Скорее всего, записи в «Повести временных лет», относя­щиеся к IX в., – это легенды. Даты, которые проставлены в ле­тописи, появились позднее, и сегодня трудно определить, от­куда взялись сами даты, ведь языческий мир время исчислял поколениями. Следы такого исчисления – поколениями – просматриваются в «Повести временных лет», по крайней мере, до второй половины XI в.Сами же летописные даты, име­ют, естественно, христианское происхождение и ведут лето­счисление от момента Сотворения мира. Но при этом следует иметь в виду, что в православном христианском мире существо­вало несколько версий хронологии – космических эр, каждая из которых по-разному отсчитывала дату Рождества Христова от Сотворения мира: антиохийская эра - 5500 лет от Сотворения мира; старовизантийская эра - 5504 года от Сотворения мира; константинопольская эра - 5508 лет от Сотворения мира, бол­гарская эра – 5511 лет. И, что важно, все эти космические эры мы находим в «Повести временных лет», что является лишним доказательством «сводного» характера самой этой летописи – разными эрами пользовались разные летописцы.

Летописные даты IX в. – результат каких-то расчетов, дос­товерность которых пока весьма сомнительна. Летописец, впервые вводивший хронологию в недатированные тексты «Повести временных лет», ориентировался на византийскую хронологию. В его распоряжении были данные о числе лет правления князей (такой вид счисления сохранялся и в Византии наряду с «индиктным счетом» – 15-летние периоды, как его вариантом).

Скажем, первая дата 6360 г., под которой приводится первое упоминание неких русов в византийских хрониках, приурочен­ное к началу правления византийского императора Михаила. Эта дата вызвала многочисленные недоумения историков, ведь если брать константинопольскую эру, то в итоге получается 852 г. (6360 - 5508 = 852). Но достоверно известно, что Михаил начал царствовать в 856 г. Противоречие разрешается, если признать, что дата 6360 г. сделана по старовизантийской (а не по кон­стантинопольской) эре и в пересчете на нынешнее летосчисле­ние от Рождества Христова дает нам 856 г.

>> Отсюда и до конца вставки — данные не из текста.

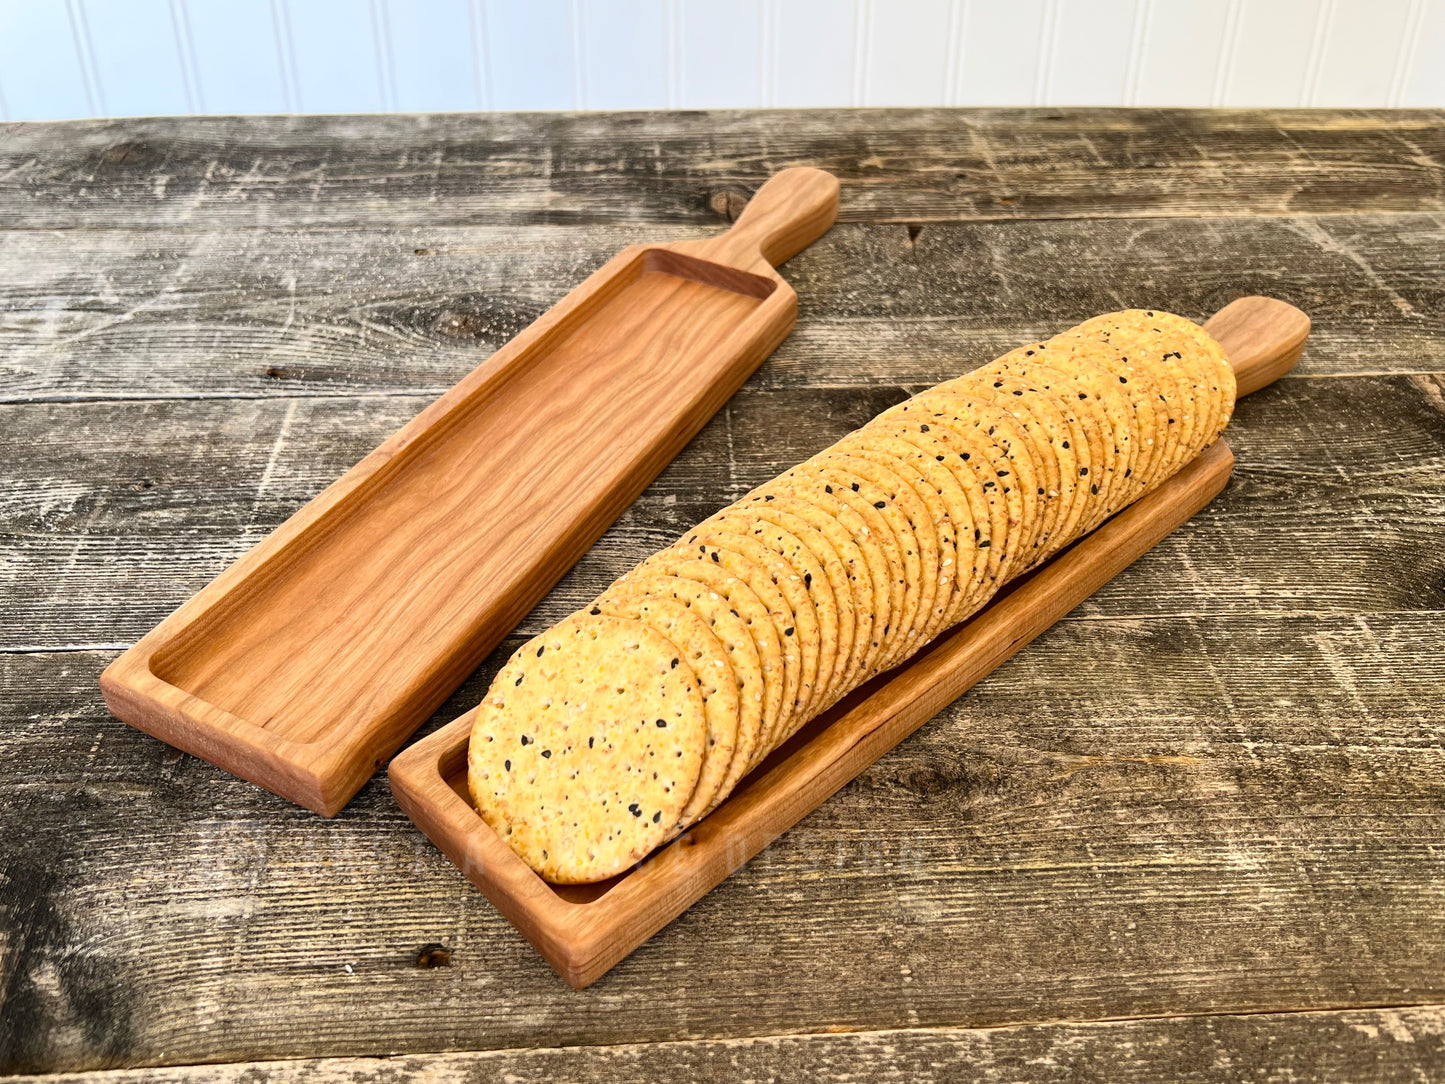 Cheese  & Cracker Tray, Crackers Tray, Cheese Tray, Appetizer Tray, Wood Platter, Serving Tray, Grazing Tray, Cookie Tray, Handmade Gift

Но в 856 г. Киевской Руси еще не существовало, следователь­но, византийские источники писали не о днепровских, а о ка­ких-то других русах. Скорее всего, поход на Византию в 856 г. совершили причерноморские русы, этническая природа кото­рых далеко не определена. Это те русы, которые вскоре приня­ли христианство, а митрополия причерноморских русов будет намного старше киевской митрополии.

Под 6374 (866) г.«Повесть временных лет» сообщает о похо­де на Византию киевских князей Дира и Аскольда. Как было ус­тановлено, сведения об этом походе не находят подтверждения в византийских источниках и сама дата похода тоже может быть результатом легенд и позднейших хронологических расчетов. Вообще, сведения о походе Аскольда и Дира попали в летопись довольно поздно и заимствованы из Хроники Георгия Амартола, причем имена русских князей отсутствуют в оригинале и появ­ляются только в древнерусском переводе хроники. На этом ос­новании принято считать, что никакого похода киевских русов на Византию в 866 г. не было. Но привлечение внелетописных источников представляет интересную картину. Дир – имя илли­рийское, означающее «крепкий», «твердый». Оно и до сих пор сохраняется у кельтов (читается теперь на английский манер как «Дайри»). Аскольд – тоже типичное кельтское имя, где компо­нент «олд» («олл») означает «великий». Таким образом, Дир и Аскольд могли быть представителями какой-то из ветвей руси. Но попасть в Византию они могли не с севера, а с запада – из Подунавья, откуда в конце V в. гунны и руги возвращались на Днепр после развала Гуннской державы, а в IX–X вв. из Подуна­вья будет несколько выселений и переселений, в том числе и в Поднепровье (эти миграции пока еще мало изучены и истори­чески, и археологически).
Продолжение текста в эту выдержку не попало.